Речь идет о докладе А.А.Фадеева «Некоторые вопросы работы Союза писателей» на заседании президиума правления Союза 24 марта 1953 г. Ссылаясь на статьи в «Правде» и «Коммунисте» и на мнение М.Бубеннова, В.Катаева, В.Кожевникова и Б.Агапова, он обрушился на роман В.Гроссмана «За правое дело», ставя его на самое позорное место среди порицавшихся в докладе произведений, напечатанных в «Новом мире», в числе которых была и повесть Э.Казакевича «Сердце друга», оцененная по сравнению с романом В.Гроссмана с известным снисхождением.

«Мы разгромили антипатриотическую группу безродных космополитов-низкопоклонников,— говорил А.А.Фадеев.— Еще не вполне разбираясь в подлинном лице этого противника, мы нанесли ему удар на XII пленуме Союза писателей в 1948 году [...] Мы с честью провели борьбу с идеологией космополитизма, ведем и будем вести ее дальше. [...] Мы сталкивались и сталкиваемся с проявлениями буржуазного национализма и на Украине, и в Казахстане, и в Эстонии. Мы сталкивались и сталкиваемся с еврейским буржуазным национализмом» [6].

Строгому осуждению подверглись в докладе Л.Субоцкий, Г.Бровман и А.Авдеенко, высоко оценившие роман Гроссмана на заседании московской секции прозы, и «Литературная газета» за передовую статью 19 марта, в которой докладчик хотя и видел критику романа, но негодовал, что он не был там прямо упомянут, а «назван «некоторыми произведениями»». «Мы полиберальничали в отношении А.Гуревича, В.Гроссмана, и это послужило к некоторому оживлению космополитов, буржуазных националистов»,— говорил докладчик (статью А.Гуревича «Сила положительного примера» в «Новом мире» он считал антипатриотической).

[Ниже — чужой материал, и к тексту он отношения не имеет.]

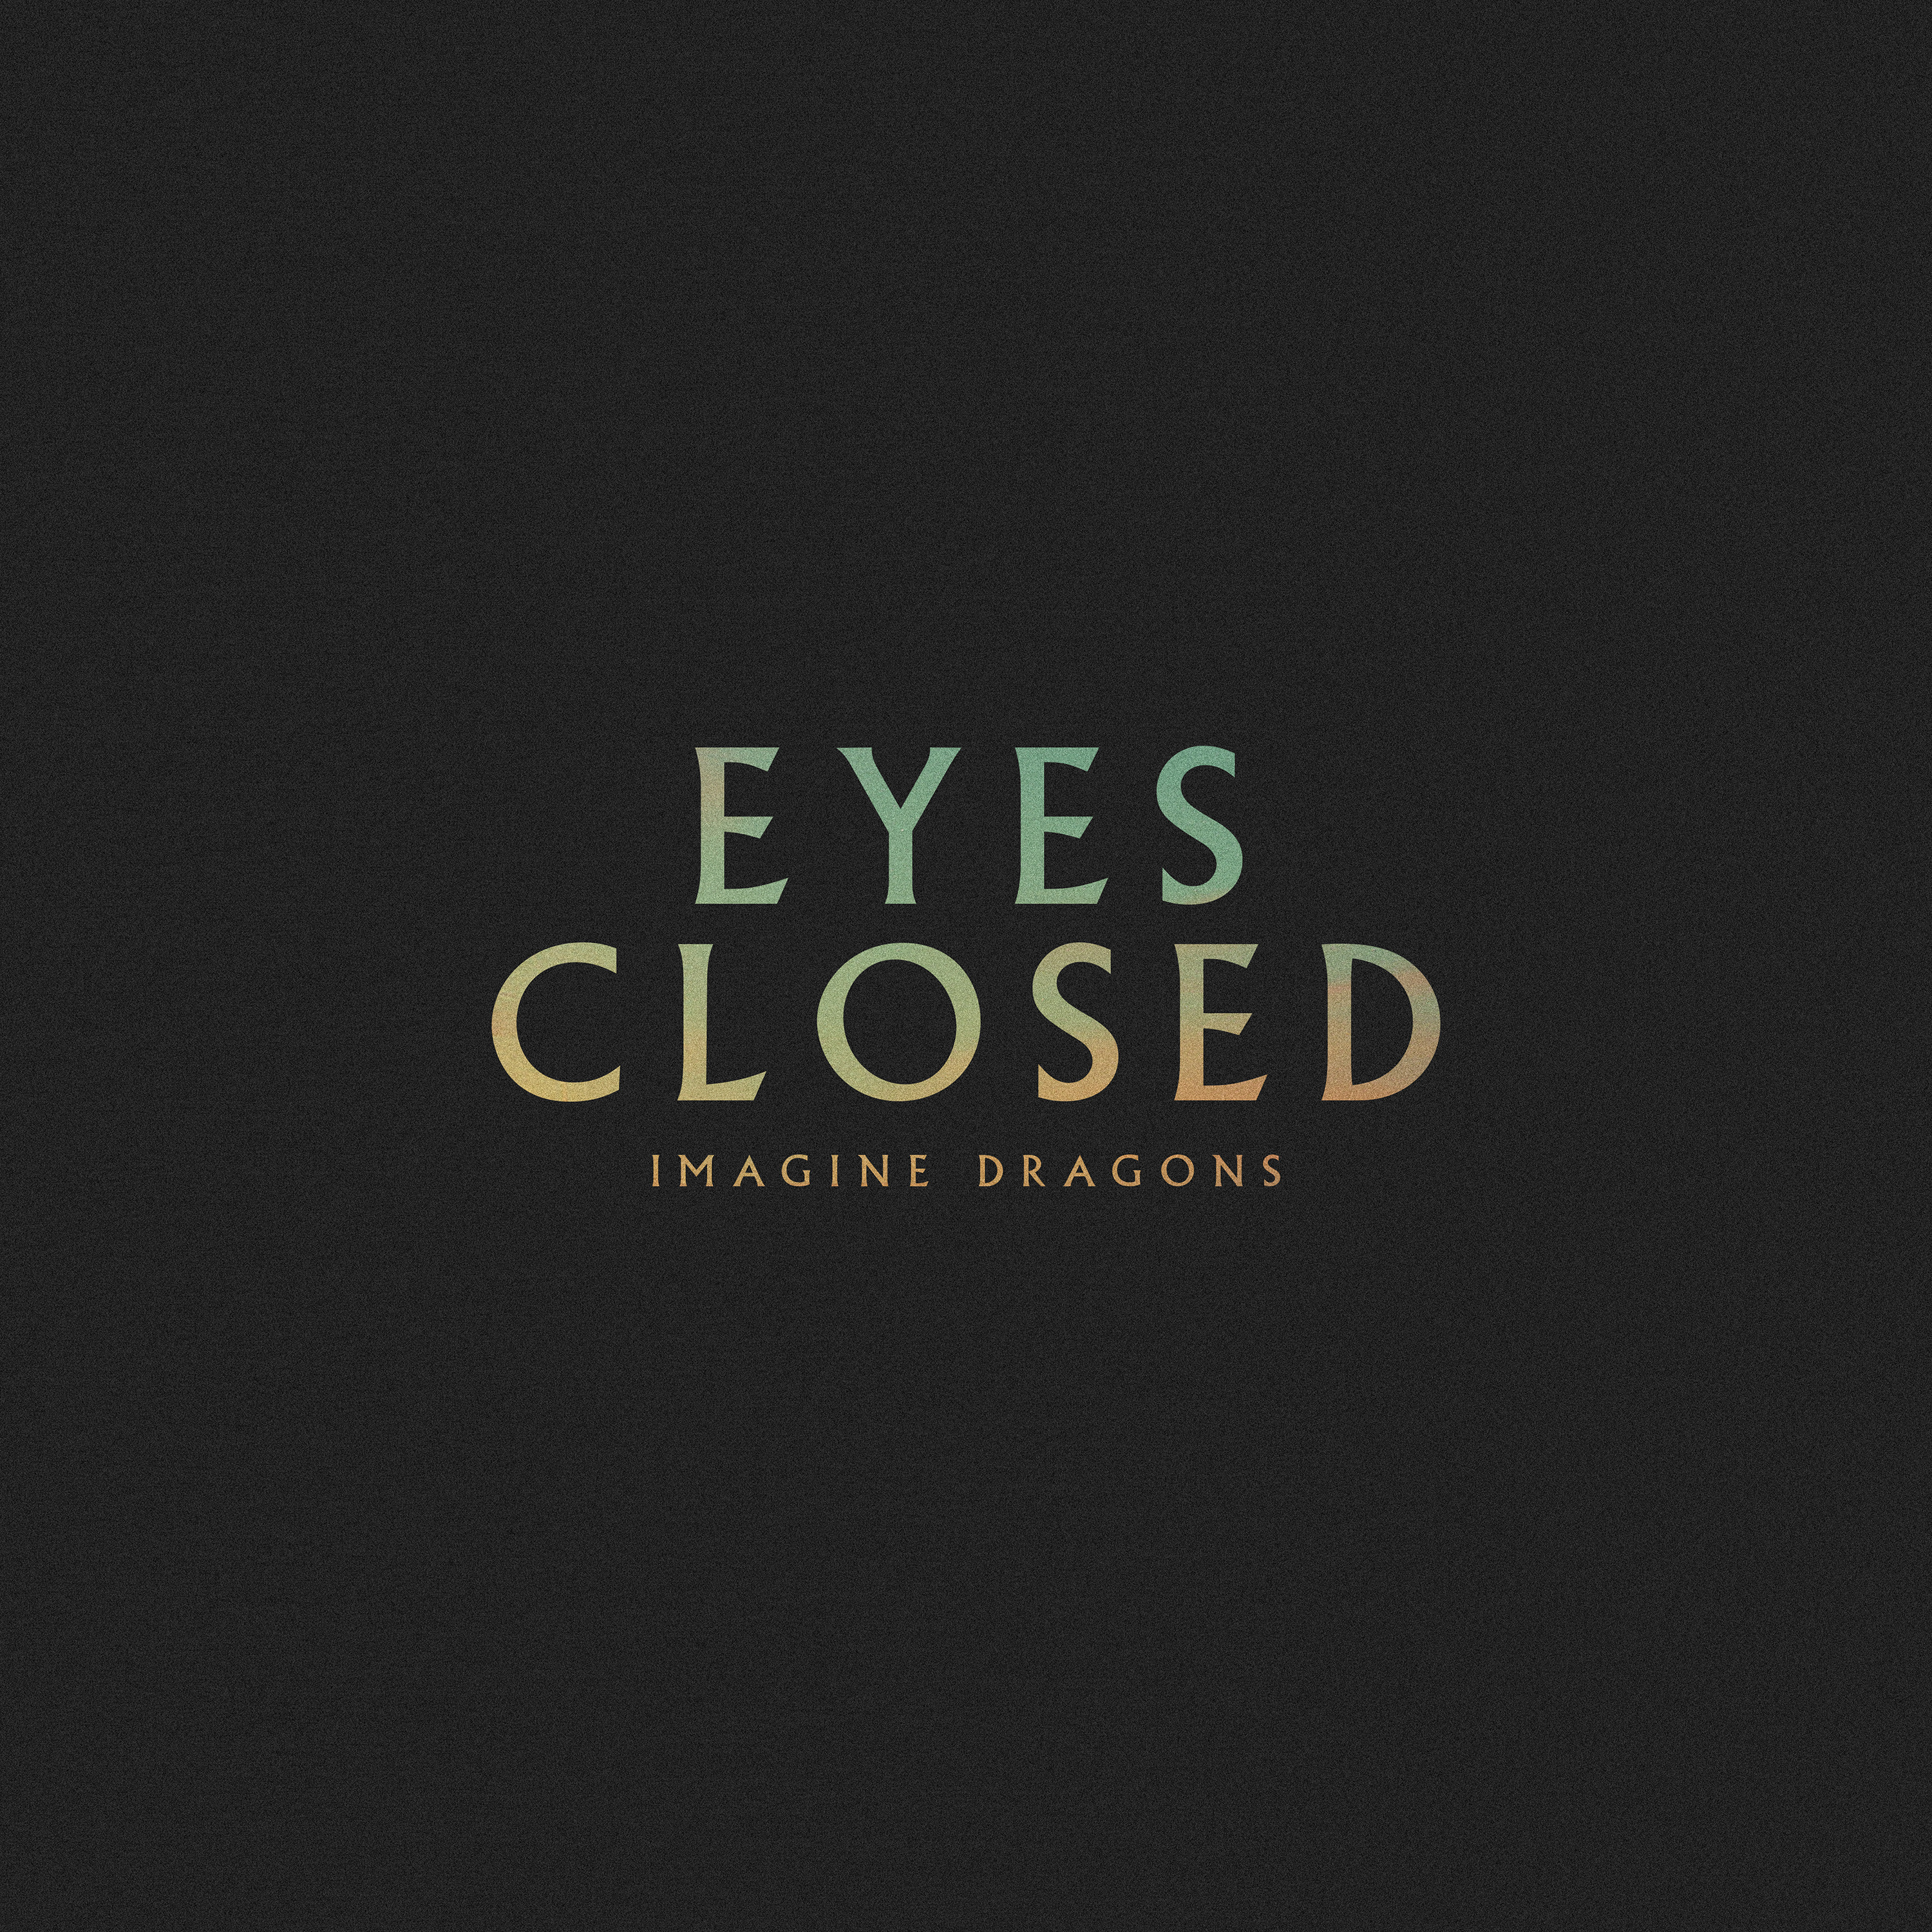 Eyes Closed Imagine Dragons Album Art

В том же номере «Литературной газеты» был помещен отчет о заседании президиума 24 марта. В нем были перечислены выступавшие: А.Твардовский, Самед Вургун, Г.Николаева, В.Ермилов, С.Злобин, К.Львова, А.Сурков, К.Симонов, А.Прокофьев, А.Первенцев, А.Караваева и отмечено, что «во всех выступлениях прозвучало единодушное осуждение романа В.Гроссмана «За правое дело». Только о трех выступлениях было упомянуто особо. А.Твардовский, указывалось в отчете, взял на себя «основную тяжесть ответственности» за напечатание романа, К.Симонов согласился с критикой статьи «Литературной газеты» от 19 марта, А.Первенцев выразил «общее возмущение собравшихся тем, что В.Гроссман до сих пор ни в какой форме не ответил на справедливую критику». Отчет был кратким. Считалось, очевидно, что все необходимое сказано в фадеевском докладе. Номер «Литературной газеты» с докладом и отчетом появился 28 марта 1953 г.

Что все это происходило под влиянием «дела врачей» — было совершенно очевидно. И когда 4 апреля было официально заявлено, что дело это сфабриковано, Фадеев со своим только что опубликованным докладом оказался в глупейшем положении, да еще в сущности в одиночестве: тексты выступлений по докладу в «Литературной газете» так и не появились (причастные к литературной среде люди говорили тогда, что почувствовавший ветер перемен Симонов не торопился с их опубликованием). Оправиться от такого удара Фадеев уже не смог. Недаром в медицинском заключении о его болезни и смерти от 14 мая 1956 г. отмечено, что приступы его болезни участились именно за три года до самоубийства.

В чем смысл моих рассуждений? Только в одной практической рекомендации — записывать сведения, характеристики, впечатления, содержащиеся в памяти современников, не дать им исчезнуть вместе с их носителями.